> **EXERCISE REQUIREMENTS**:
Word for word, transcribe the lines below and drop the pictures.

> **RECORDED DATA**:

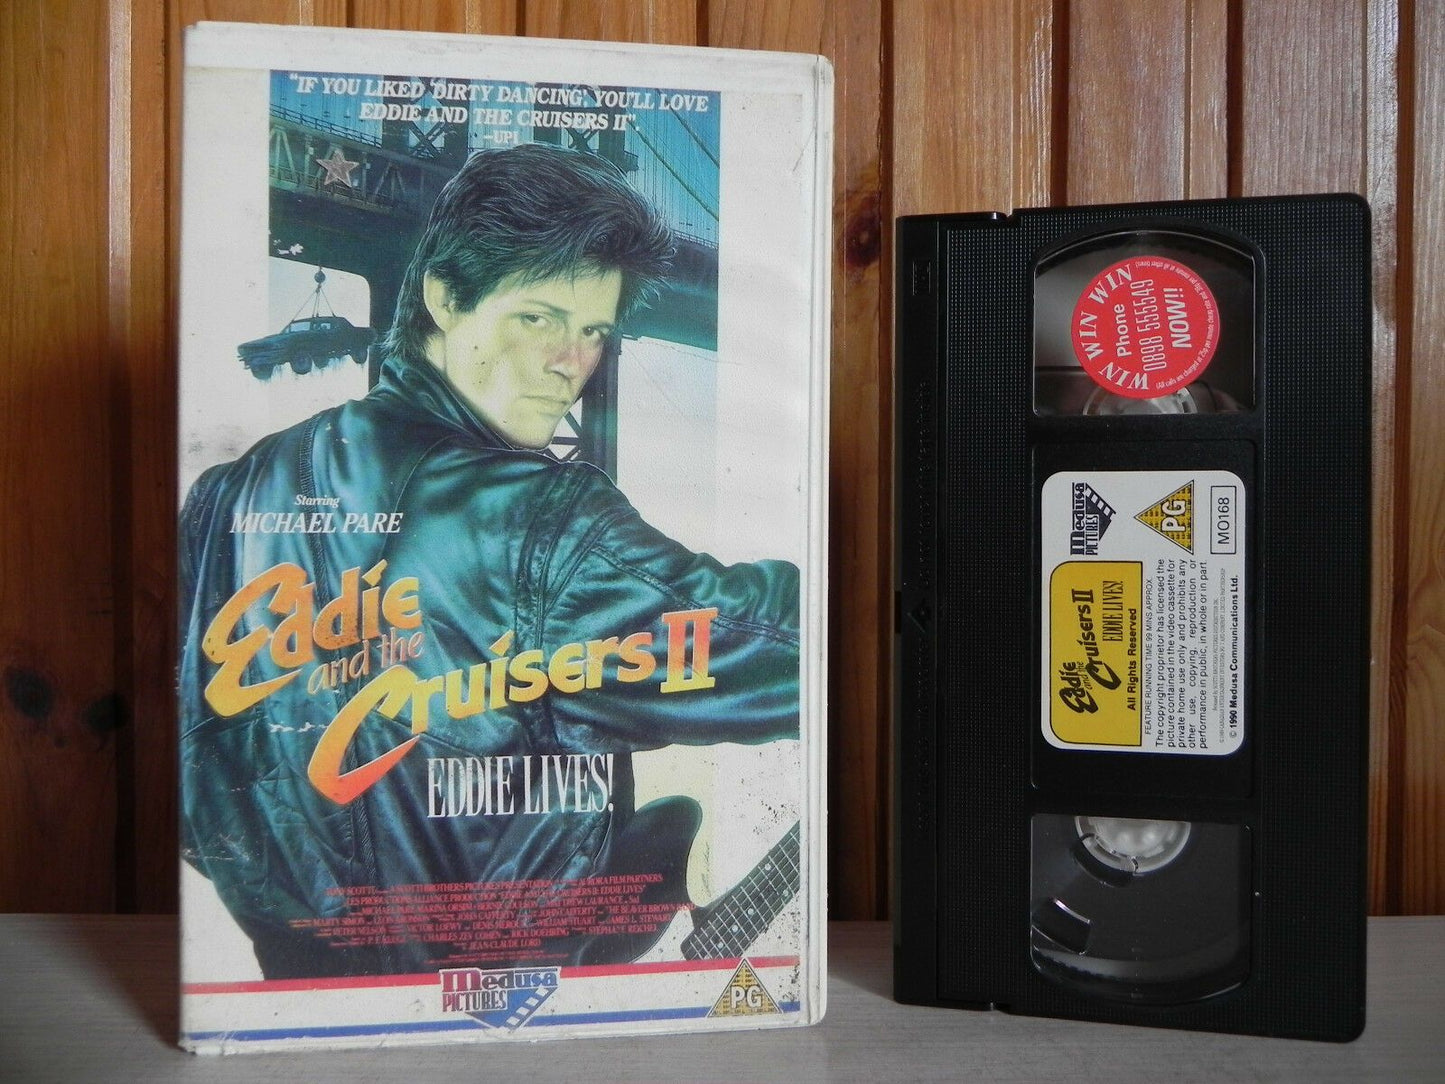 Eddie And The Cruisers 2 - Medusa Pictures - Musical - Large Box - Pal VHS-
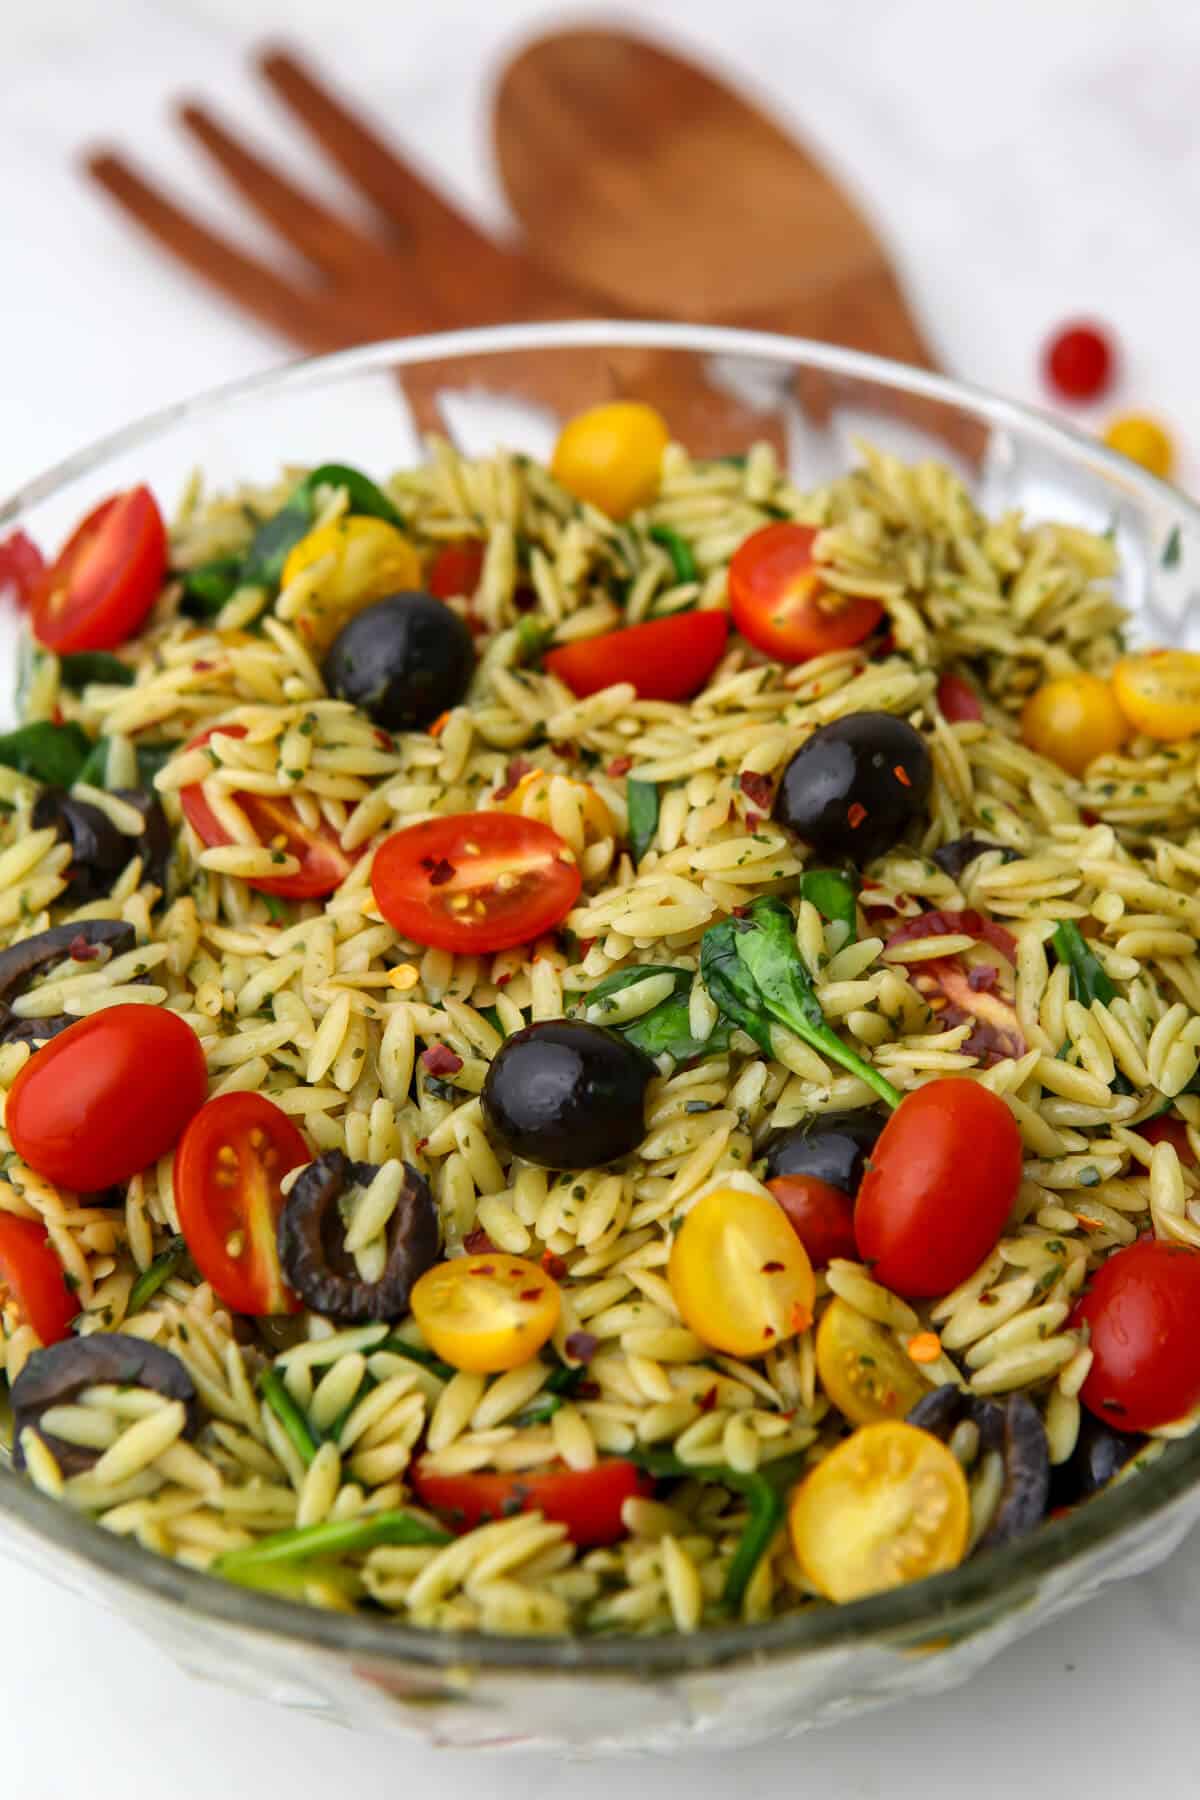 A vegan pesto orzo salad made with spinach, tomatoes, and olives served in a glass salad bowl.
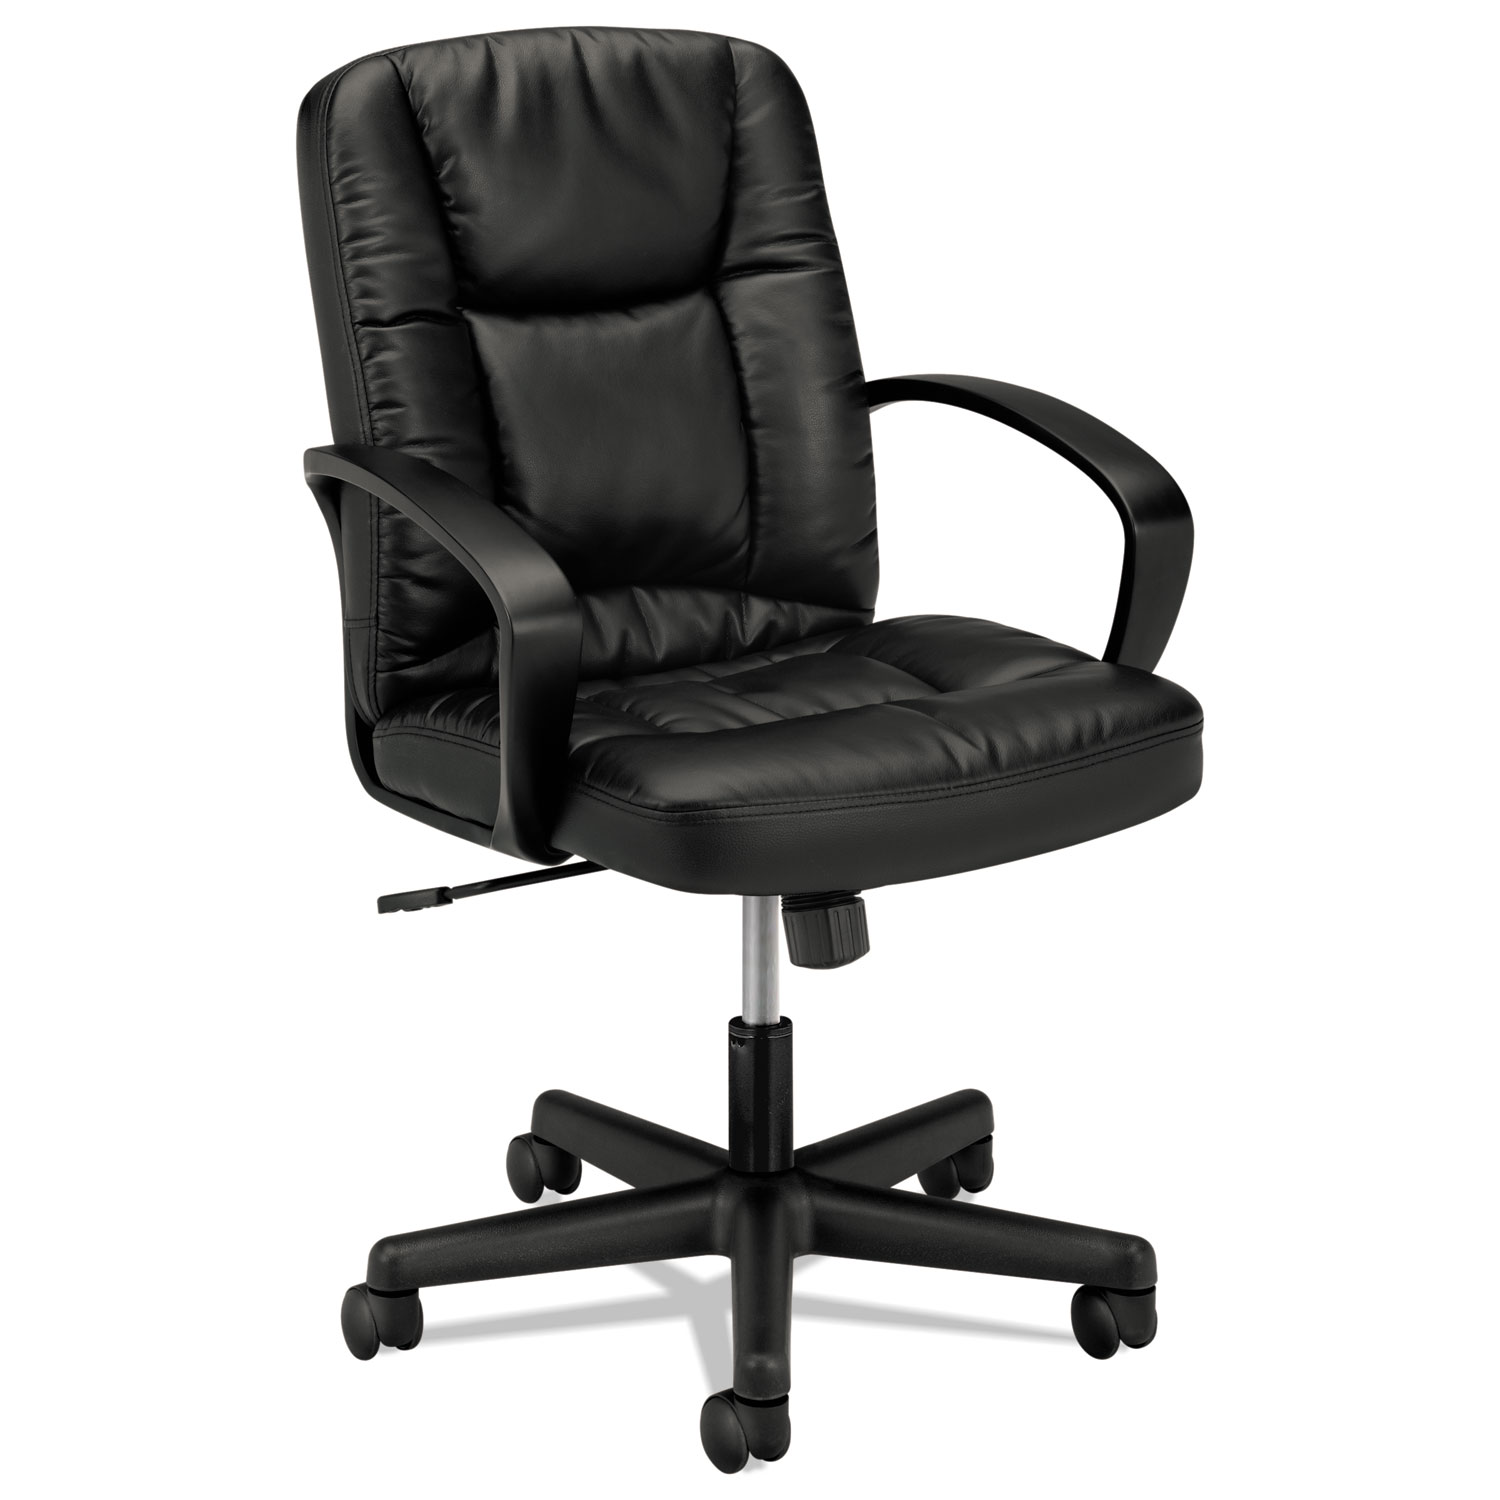  HON HVL171.SB11 HVL171 Executive Mid-Back Leather Chair, Supports up to 250 lbs., Black Seat/Black Back, Black Base (BSXVL171SB11) 
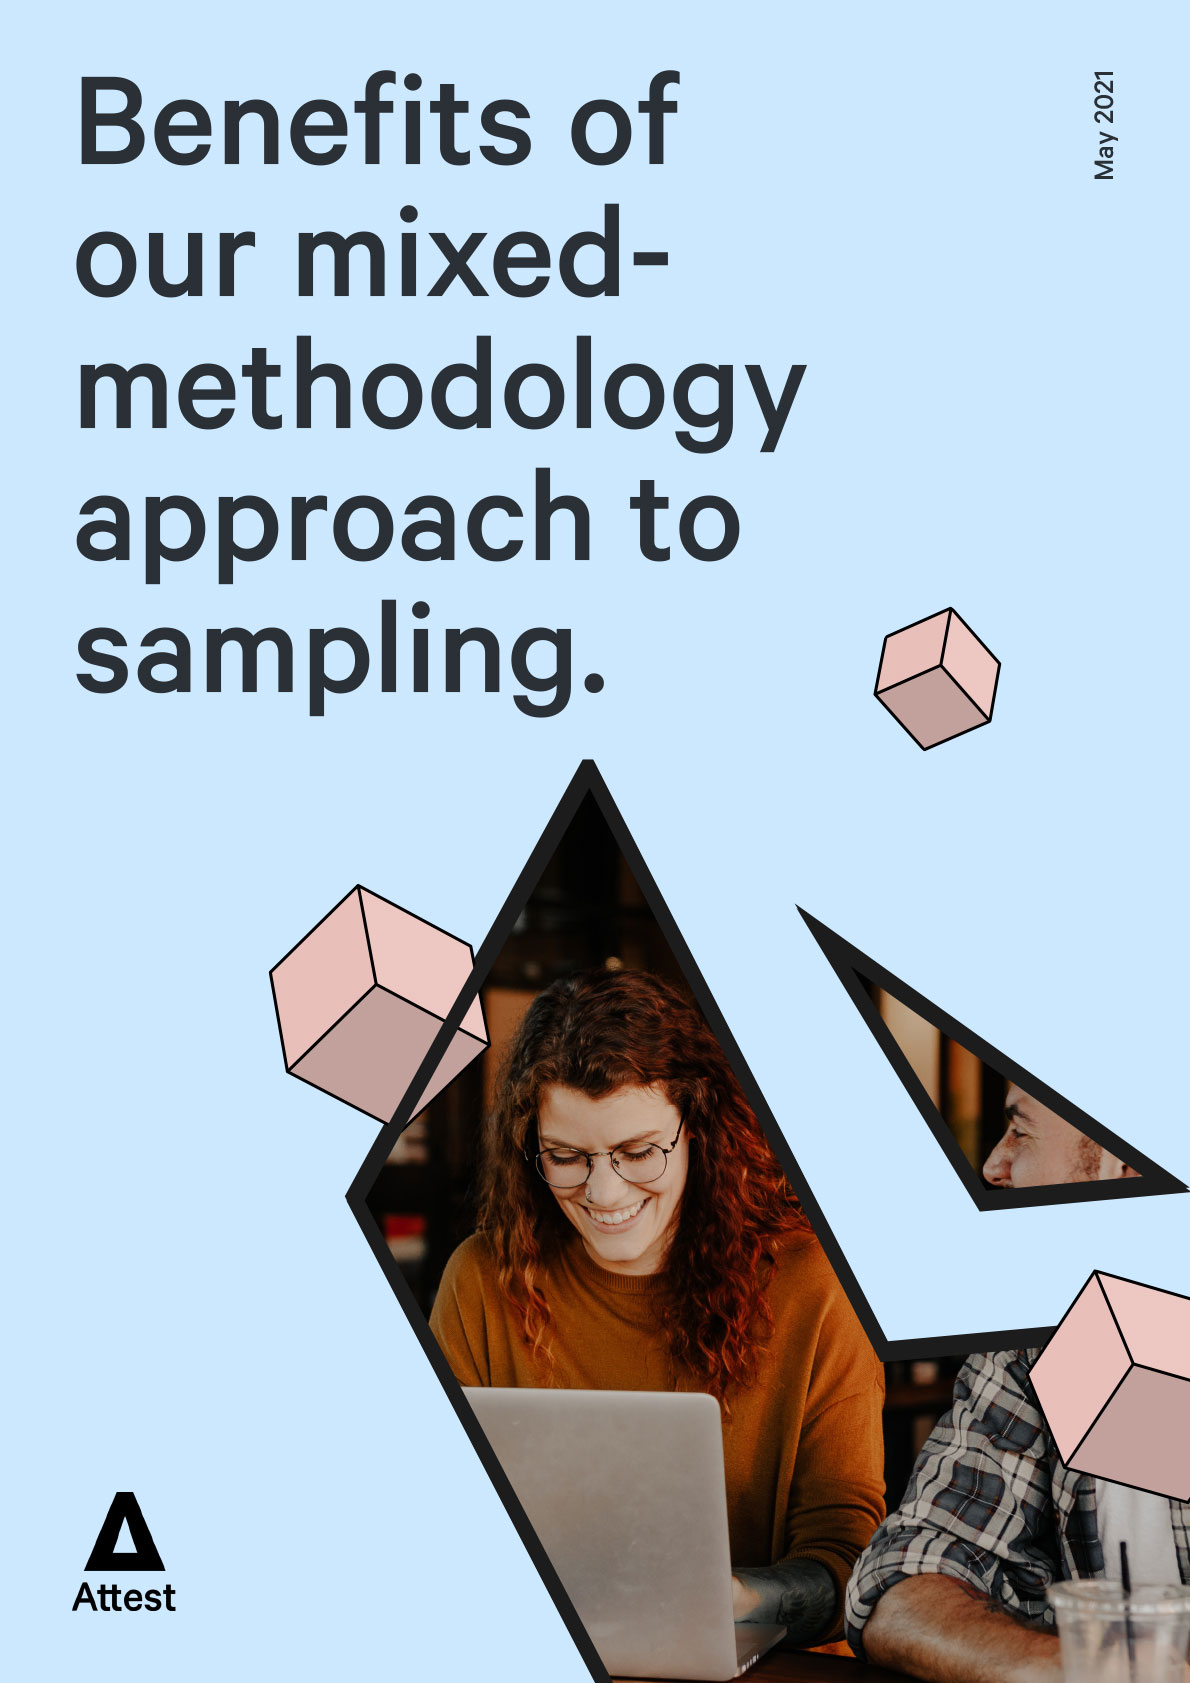 Benefits of our mixed-methodology approach to sampling

> **WORKED SOLUTION**:
 Eddie And The Cruisers 2 - Medusa Pictures - Musical - Large Box - Pal VHS-
 A vegan pesto orzo salad made with spinach, tomatoes, and olives served in a glass salad bowl.
  HON HVL171.SB11 HVL171 Executive Mid-Back Leather Chair, Supports up to 250 lbs., Black Seat/Black Back, Black Base (BSXVL171SB11) 
 Benefits of our mixed-methodology approach to sampling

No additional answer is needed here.